WHAT IS NEEDED - The pictures are to be left out when the listing below is reproduced word for word.

DATA SECTION -

++++

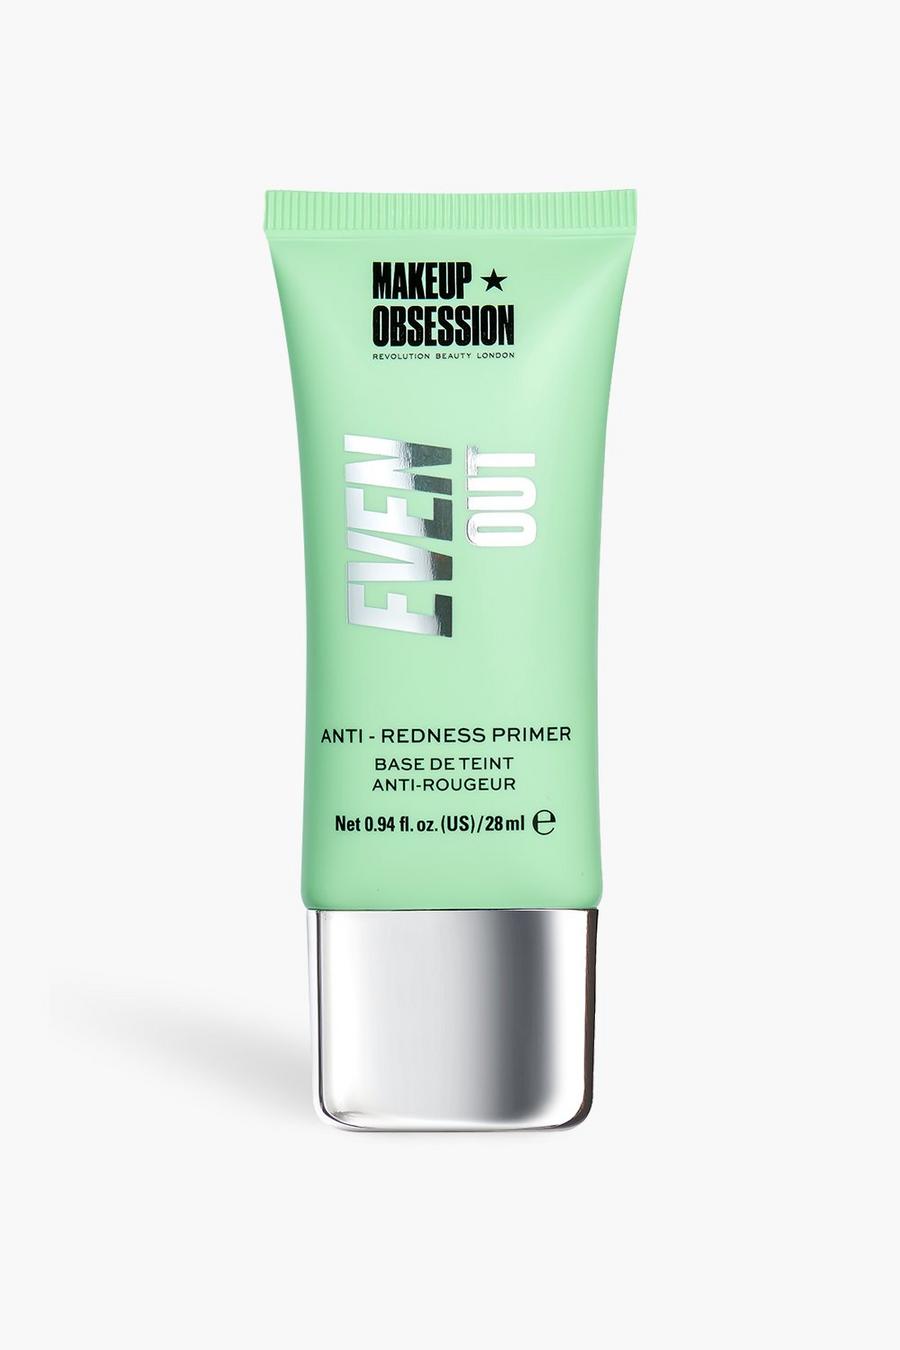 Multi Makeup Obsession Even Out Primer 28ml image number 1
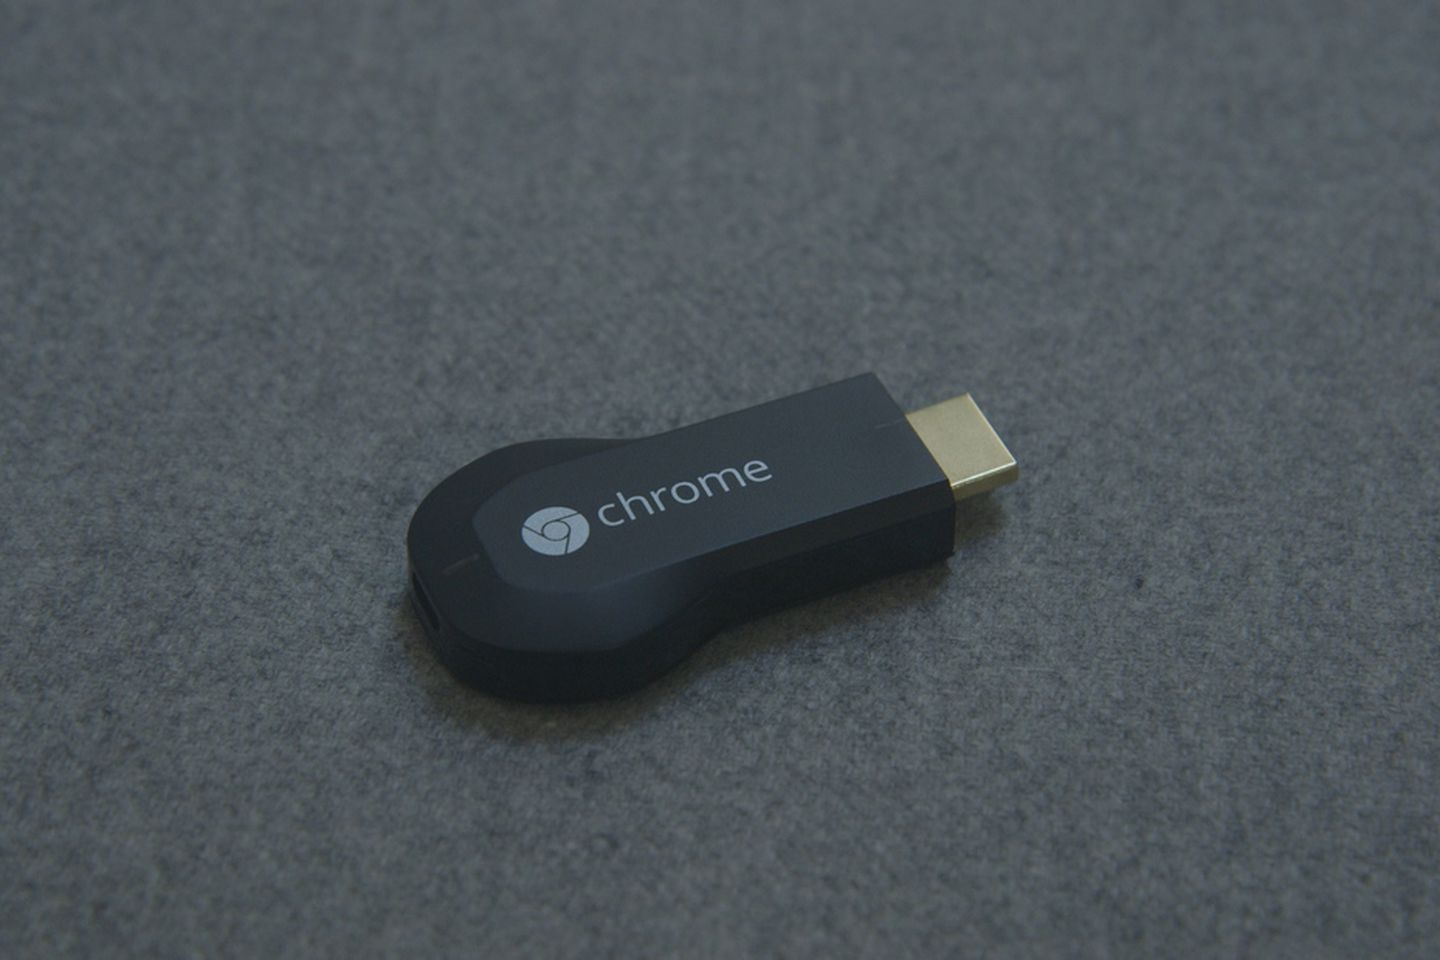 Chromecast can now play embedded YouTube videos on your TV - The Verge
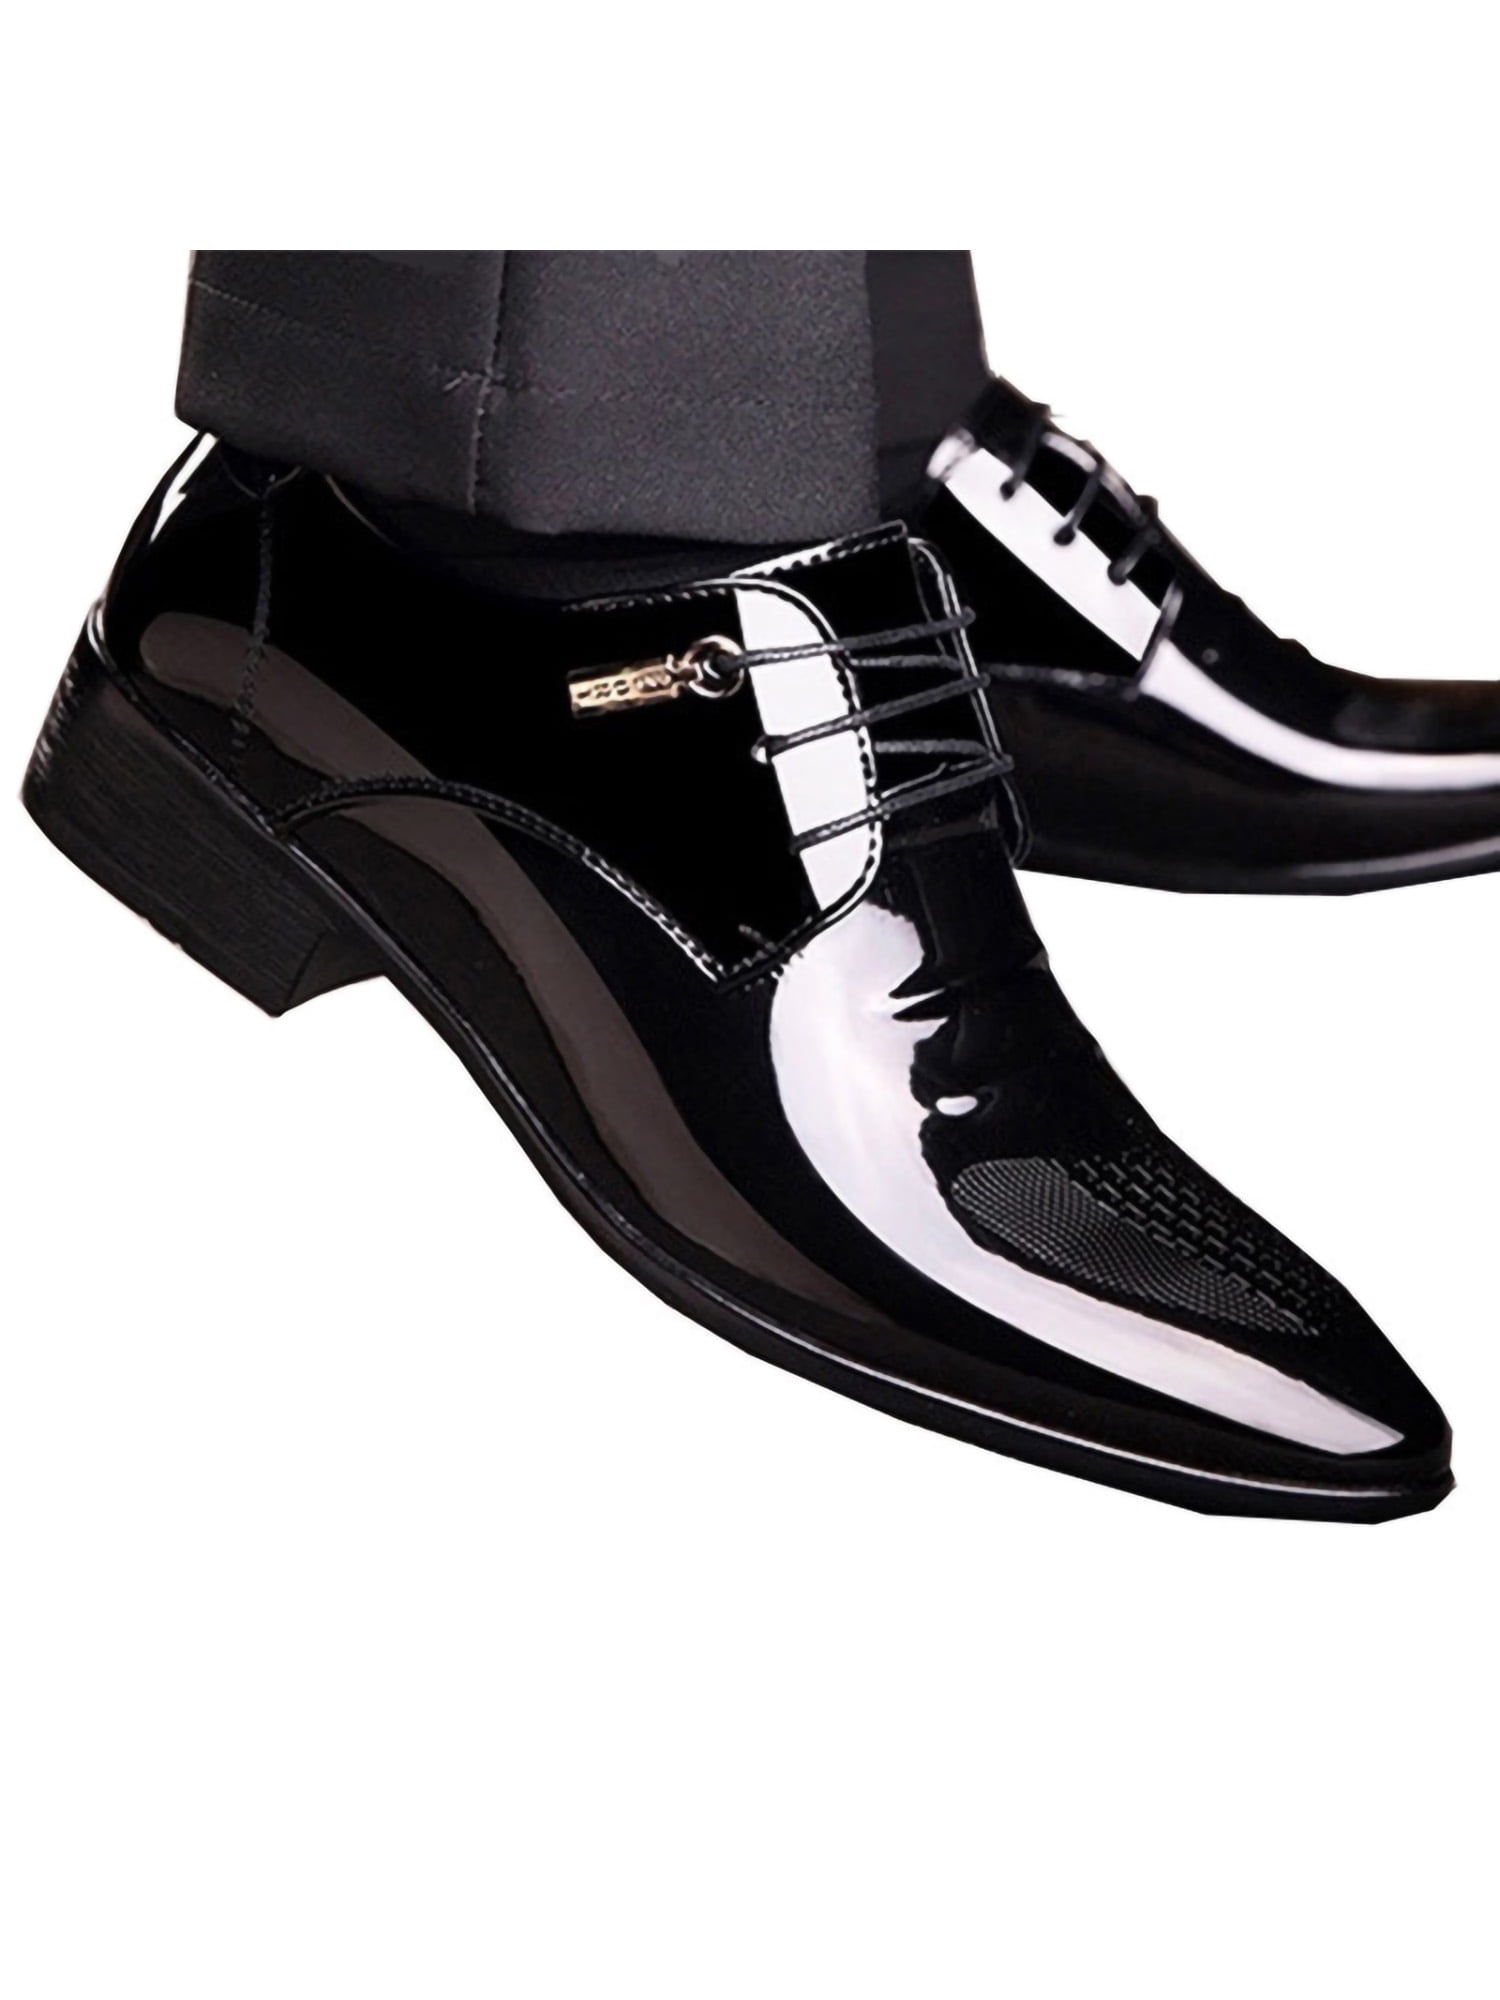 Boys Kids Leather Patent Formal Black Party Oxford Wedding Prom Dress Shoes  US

++++

SOLUTION FOR THIS TASK -
 Multi Makeup Obsession Even Out Primer 28ml image number 1
 Chromecast can now play embedded YouTube videos on your TV - The Verge
 Boys Kids Leather Patent Formal Black Party Oxford Wedding Prom Dress Shoes  US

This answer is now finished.